Rousset analyse la scène de la rencontre avec Mme de Warens en soulignant essentiellement l’activité visuelle du jeune Rousseau et en reportant le silence de celui-ci qui eut recours à une lettre de présentation, à un « réflexe d’écrivain, figure anticipée de ce que sont les Confessions dans leur ensemble » (p. 22), alors que nous pensons qu’il s’agit là justement, par la scène même qu’elle construit et que voit bien Rousset « d’une lettre et d’une lectrice », d’une forme de langage qui invente une forme de vie que la relation amoureuse empruntera dorénavant : le mot touche l’amante comme un geste d’amour dans et par le silence de l’amant. Rousseau, dans son écriture, montre une anthropologie du sujet amoureux autant qu’il montre la force du langage dans la relation amoureuse puisque, si la vue est bien évidemment engagée dans une telle relation, elle est orientée par la parole : « Je cours pour la suivre : je la vois, je l’atteins, je lui parle… » et à la fin de la « scène » délimitée par Rousset, Mme de Warens dit : « après la messe j’irai causer avec vous ». L’amour s’entretient plus qu’il ne se voit. Ce que confirmerait la quatrième occurrence de Rousseau dans Rousset :

Au XVIIIe siècle, Rousseau entre en discussion lorsque, ayant fait le récit de la rencontre avec Mme de Warens, il ajoute cette enclave polémique :

Que ceux qui nient la sympathie des âmes expliquent, s’ils peuvent, comment de la première entrevue, du premier mot, du premier regard, Mme de Warens m’inspira, non seulement le plus vif attachement, mais une confiance parfaite, et qui ne s’est jamais démentie… (p. 93)

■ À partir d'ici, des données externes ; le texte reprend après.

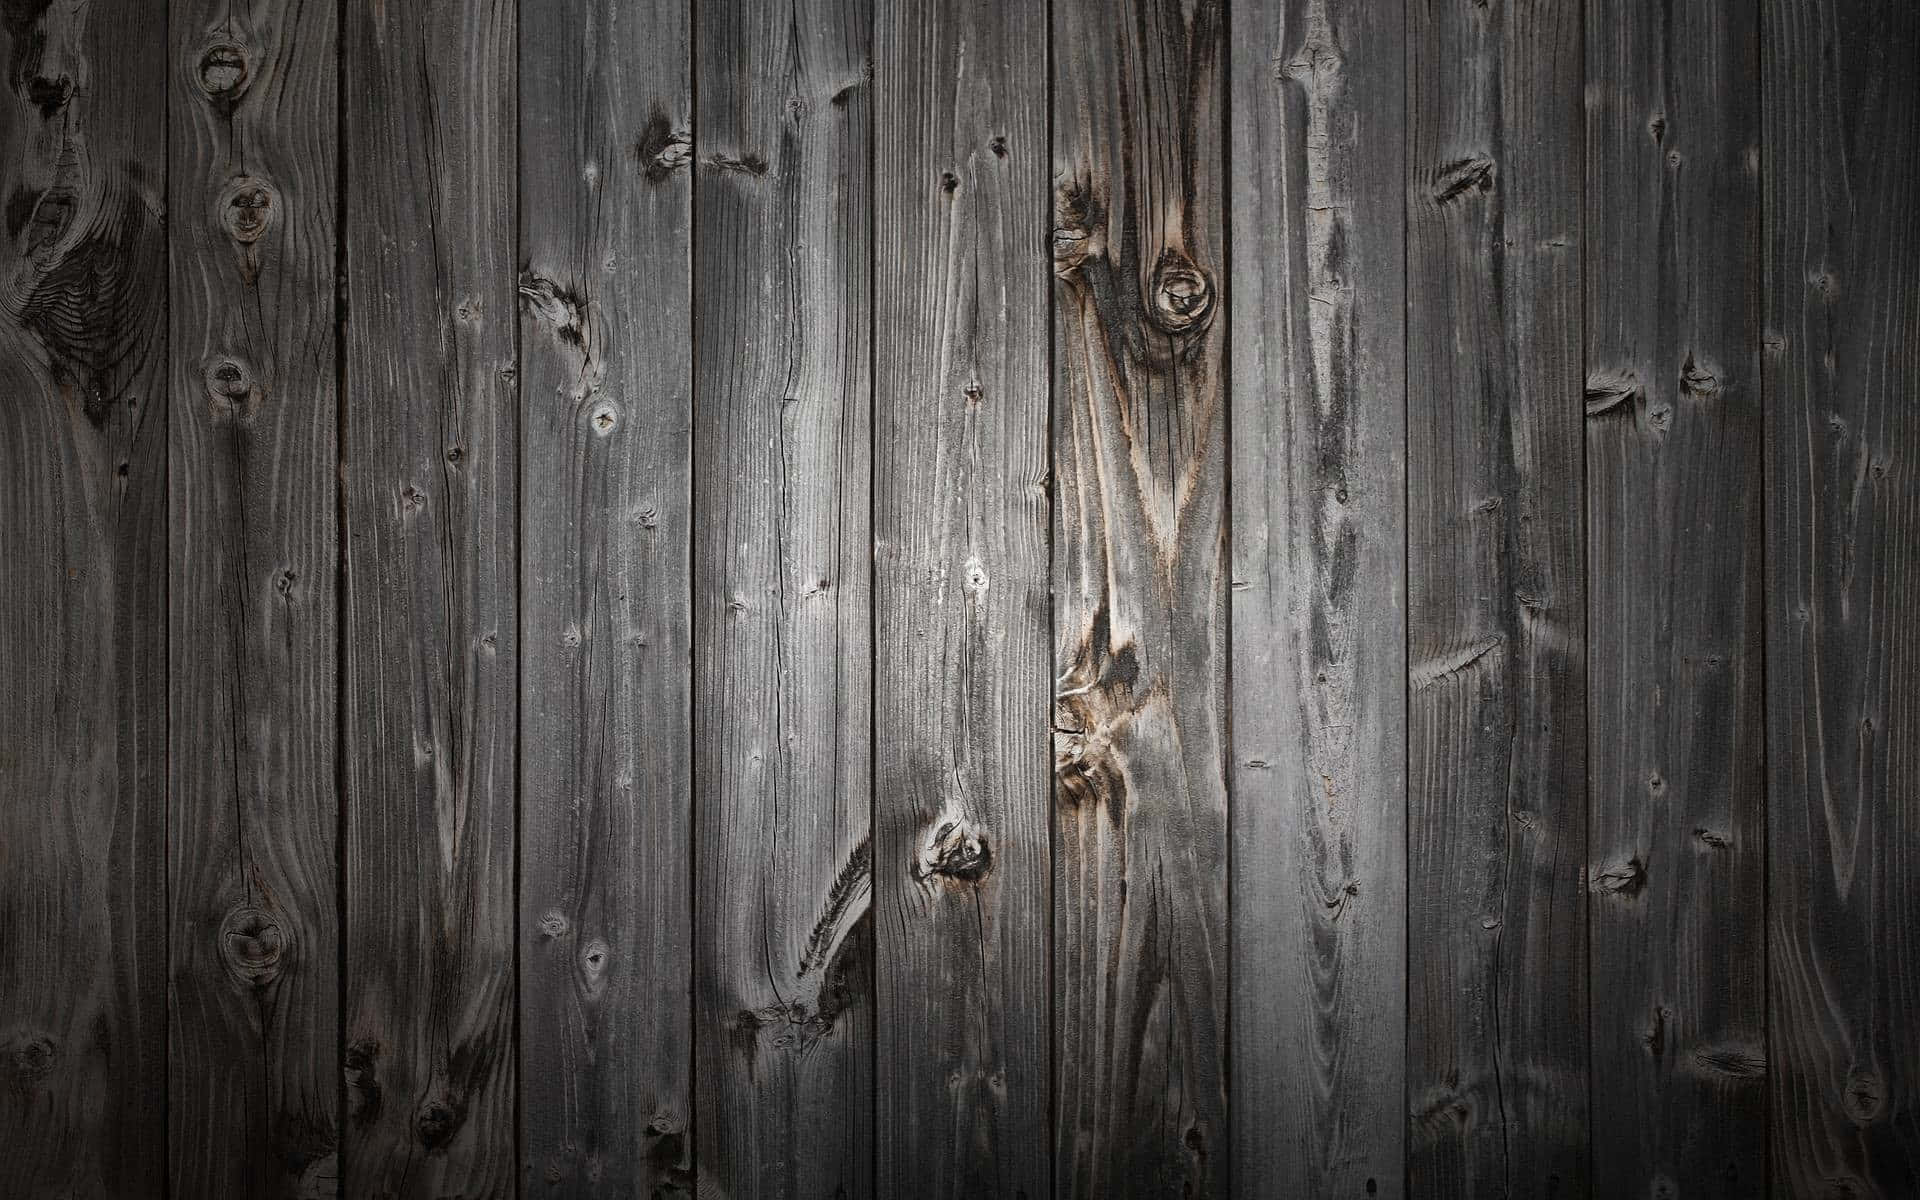 A Close Up Of A Wooden Wall With Dark Paint

La « sympathie des âmes », pour Rousseau, ne serait-ce pas l’entretien infini, ce continu qu’une relation langagière initie et qui ne peut s’arrêter parce qu’il est un corps-sujet dont l’activité est infinie si la relation emporte la relation, si le tout du langage et tout le langage sont relation. Achevons par ce que nous aimons dans Rousset, sa force anthologique, qui nous permet, une fois de plus de montrer comment la force du langage est bien celle des moyens du langage et non d’un sens ou d’un lieu ou encore même d’une scène réduite à un schéma. Corneille (Suite du Menteur, IV, 1) que cite Rousset pour poursuivre « la sympathie » jusqu’à « la reconnaissance » : « Quand les ordres du ciel nous ont faits l’un pour l’autre… » (p. 96).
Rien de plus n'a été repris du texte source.